◆ **YOUR TASK**
Leaving out all pictures, repeat exactly the lines from the one that holds "Sommarbad i sjön Fryken, Värmland" to the last line of the entries below.

### MATERIAL FOR THIS EXERCISE ###

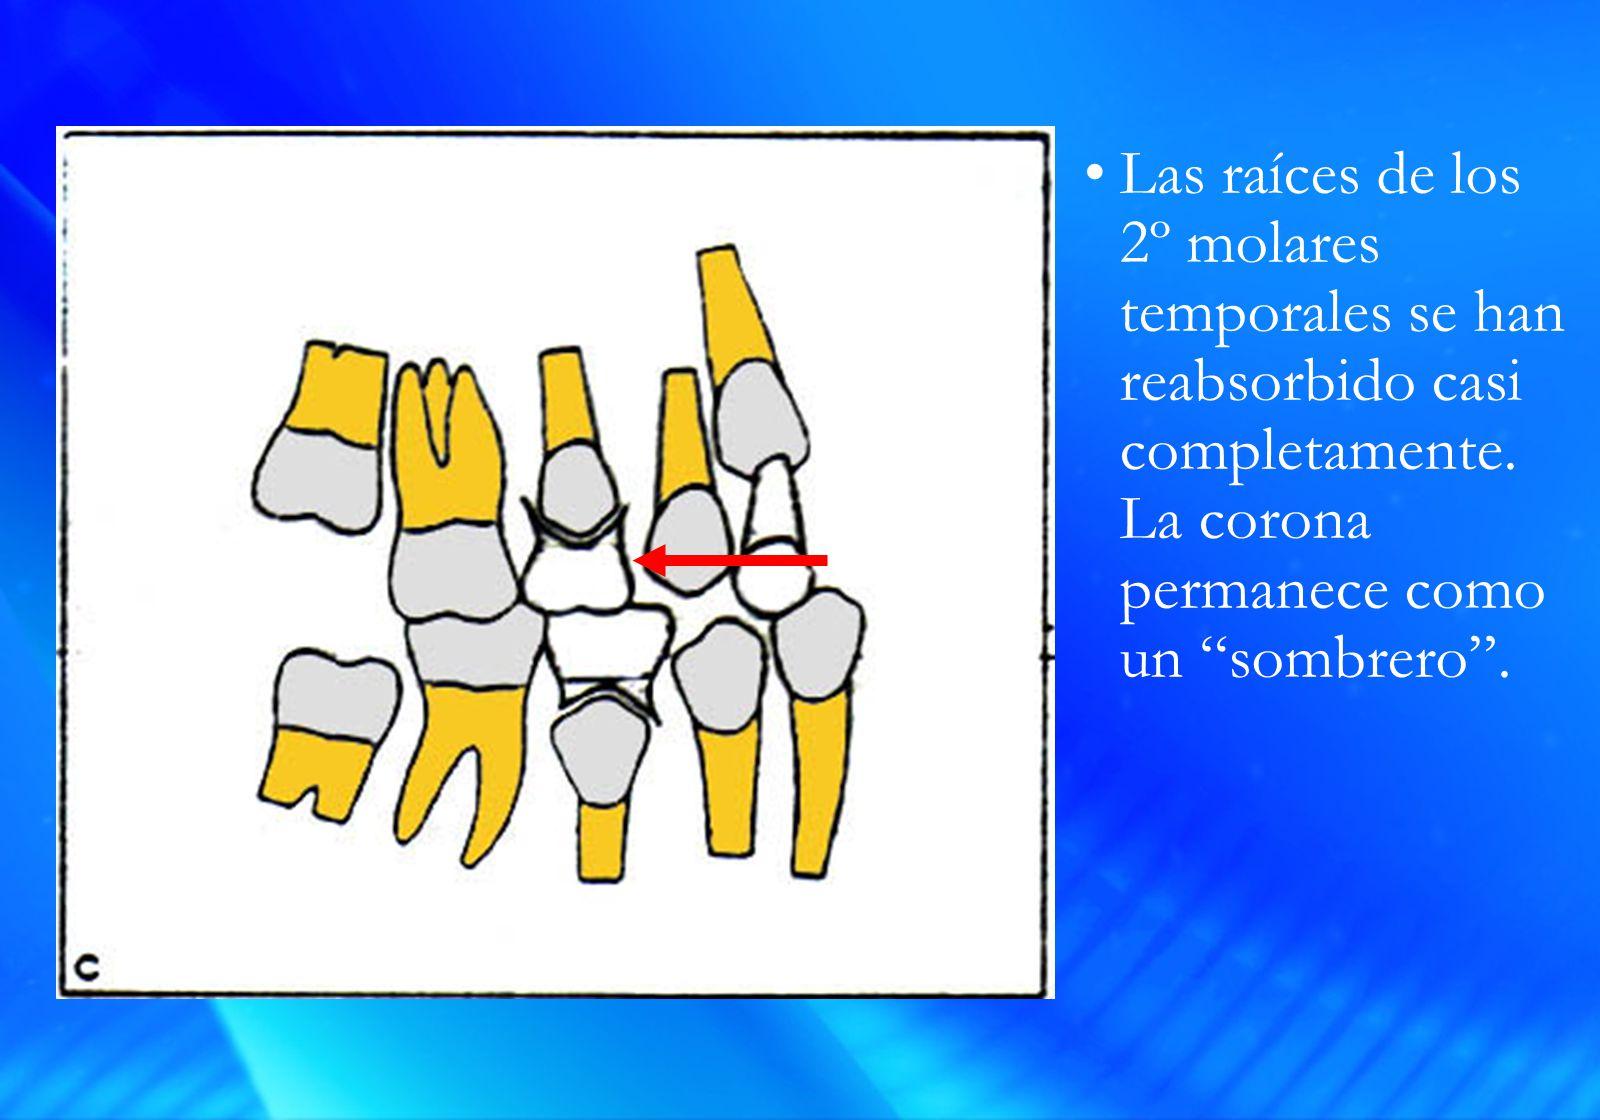 Las raíces de los 2º molares temporales se han reabsorbido casi completamente.
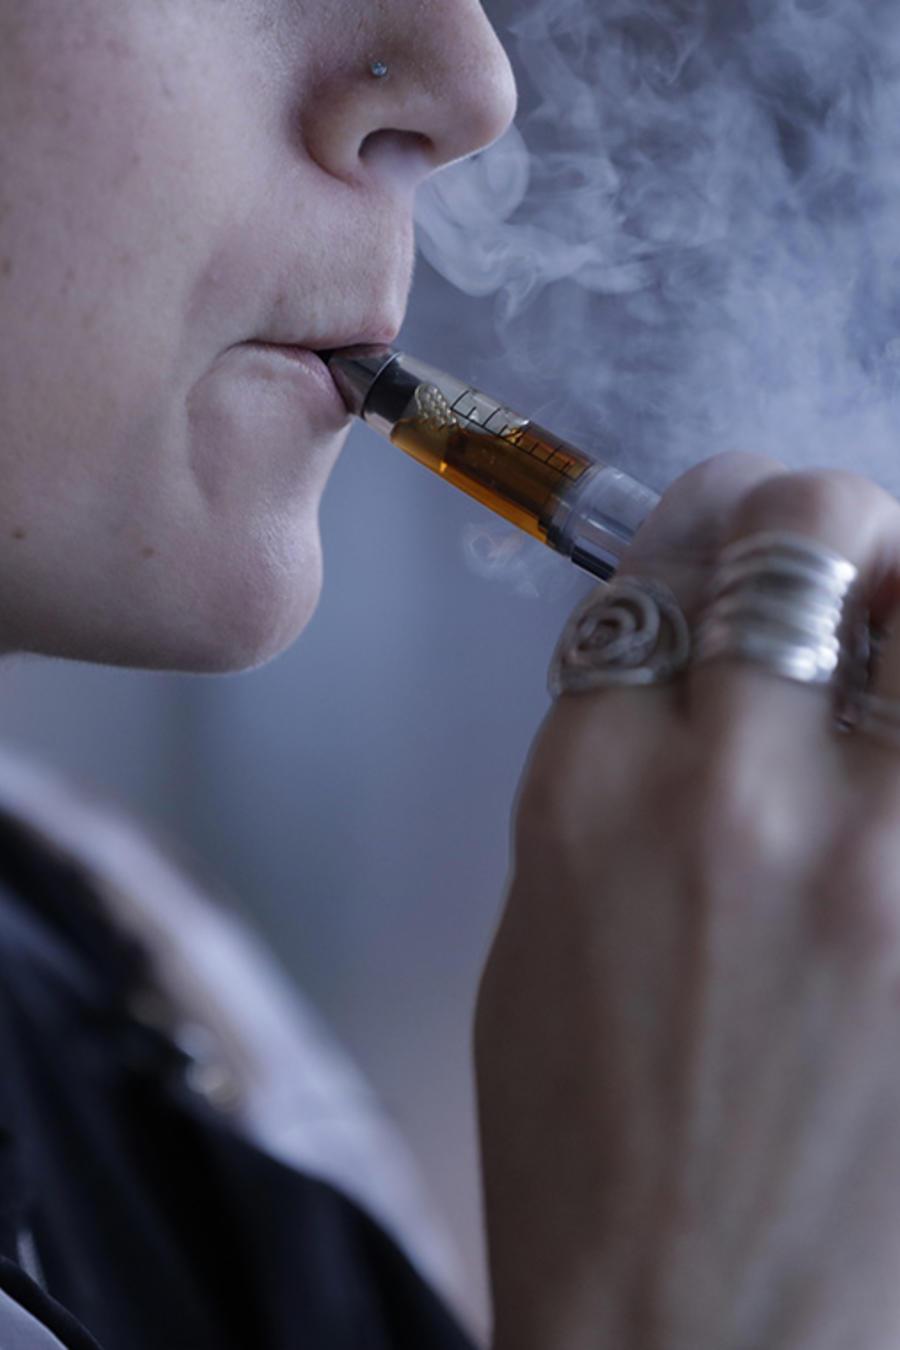 Una joven utiliza un cigarrillo electrónico.
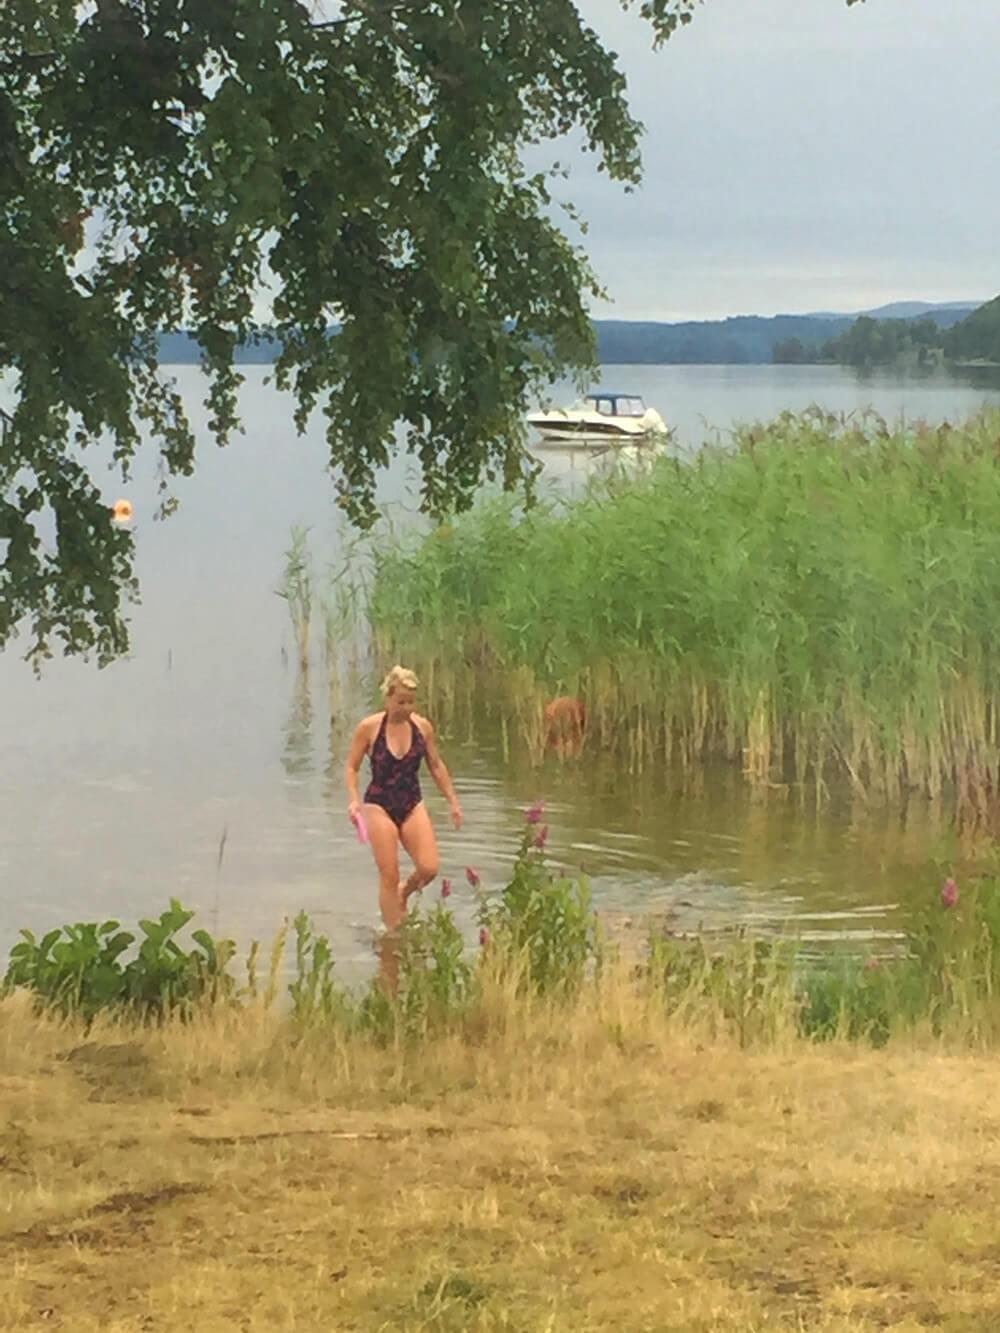 Sommarbad i sjön Fryken, Värmland
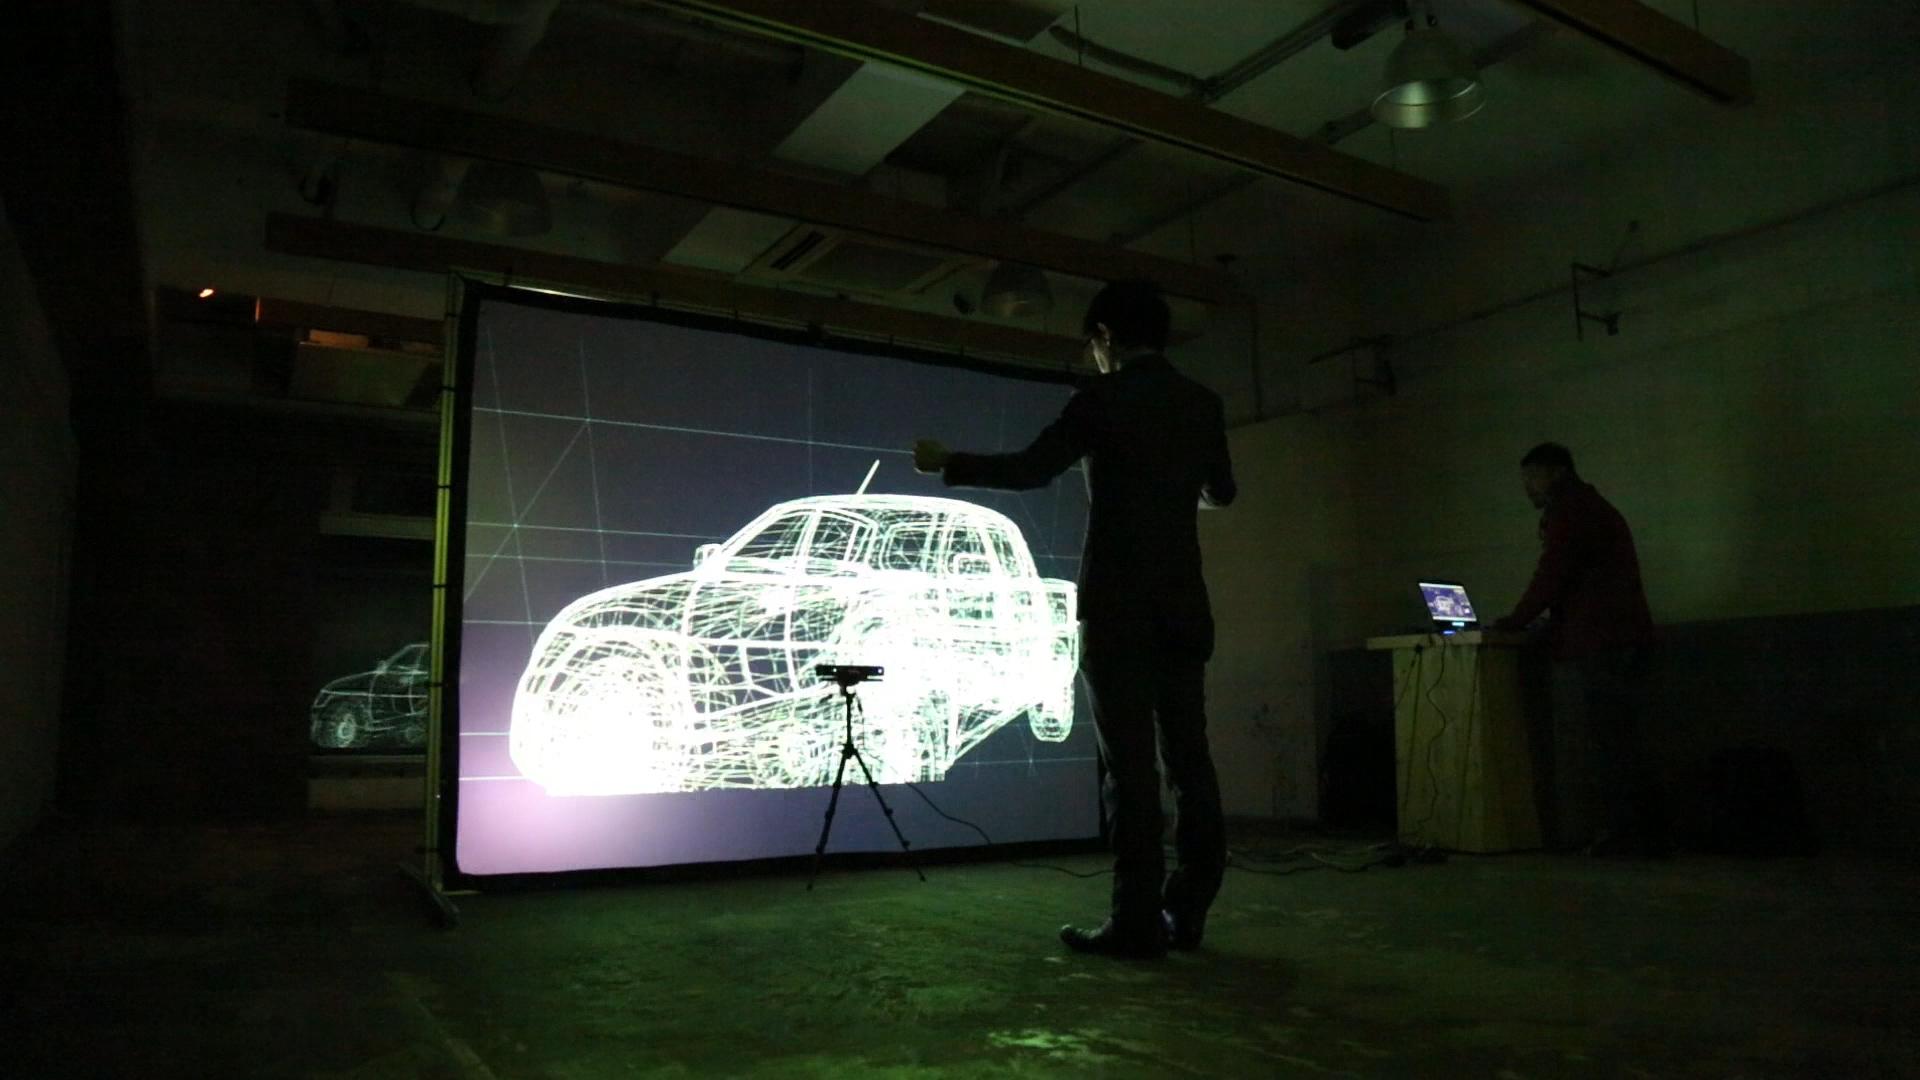 Gesture 3D model viewer demo
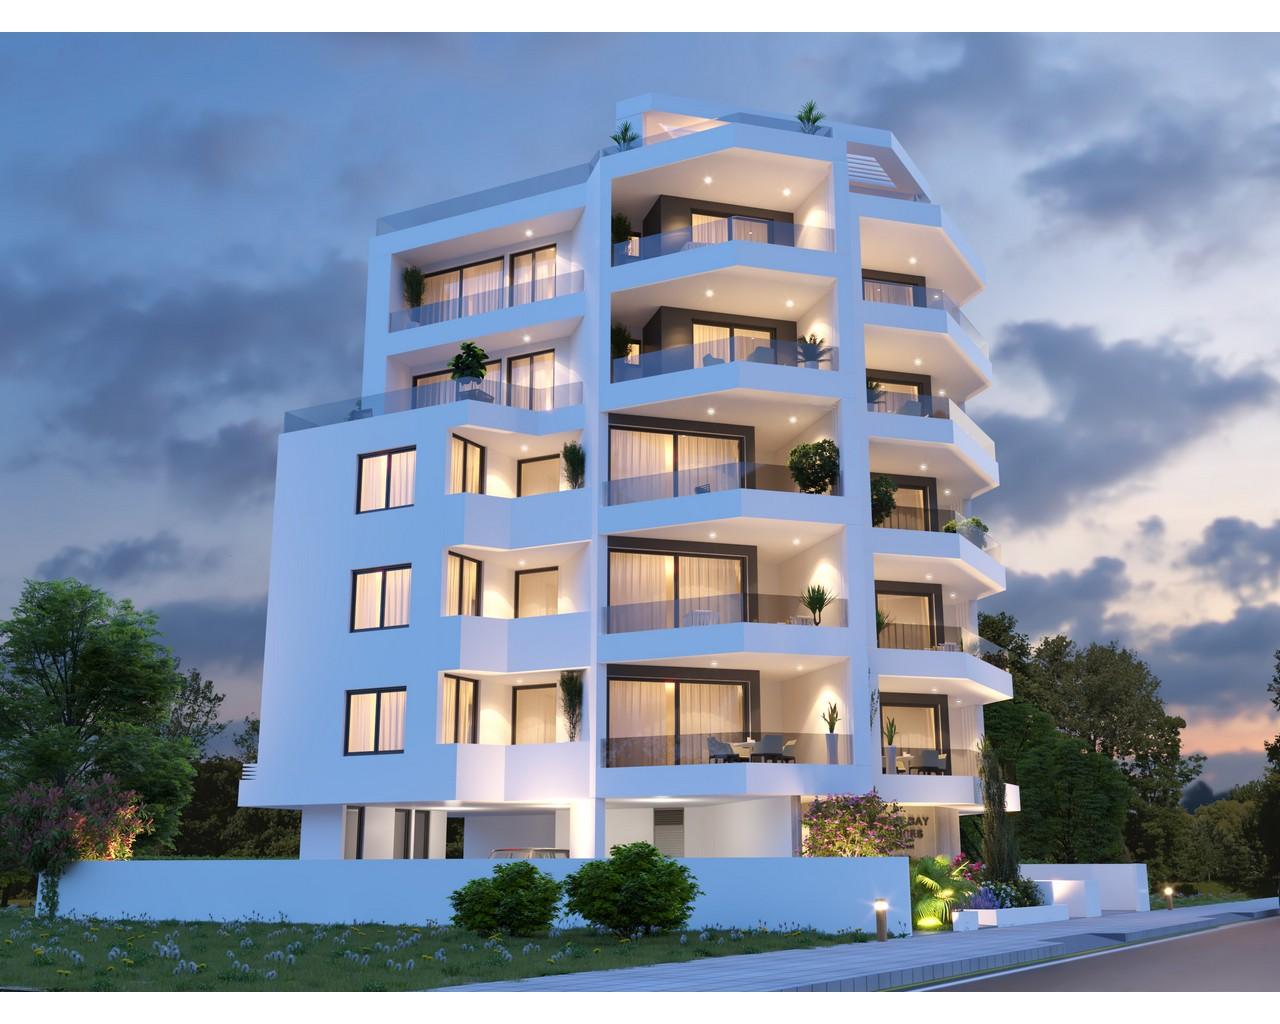 Apartment Larnaca(Mackenzie)  2 Bedrooms 2 Bathrooms 85 SqMt.....

###

◆ **OUTPUT OF THE EXERCISE**
 Sommarbad i sjön Fryken, Värmland
 Gesture 3D model viewer demo
 Apartment Larnaca(Mackenzie)  2 Bedrooms 2 Bathrooms 85 SqMt.....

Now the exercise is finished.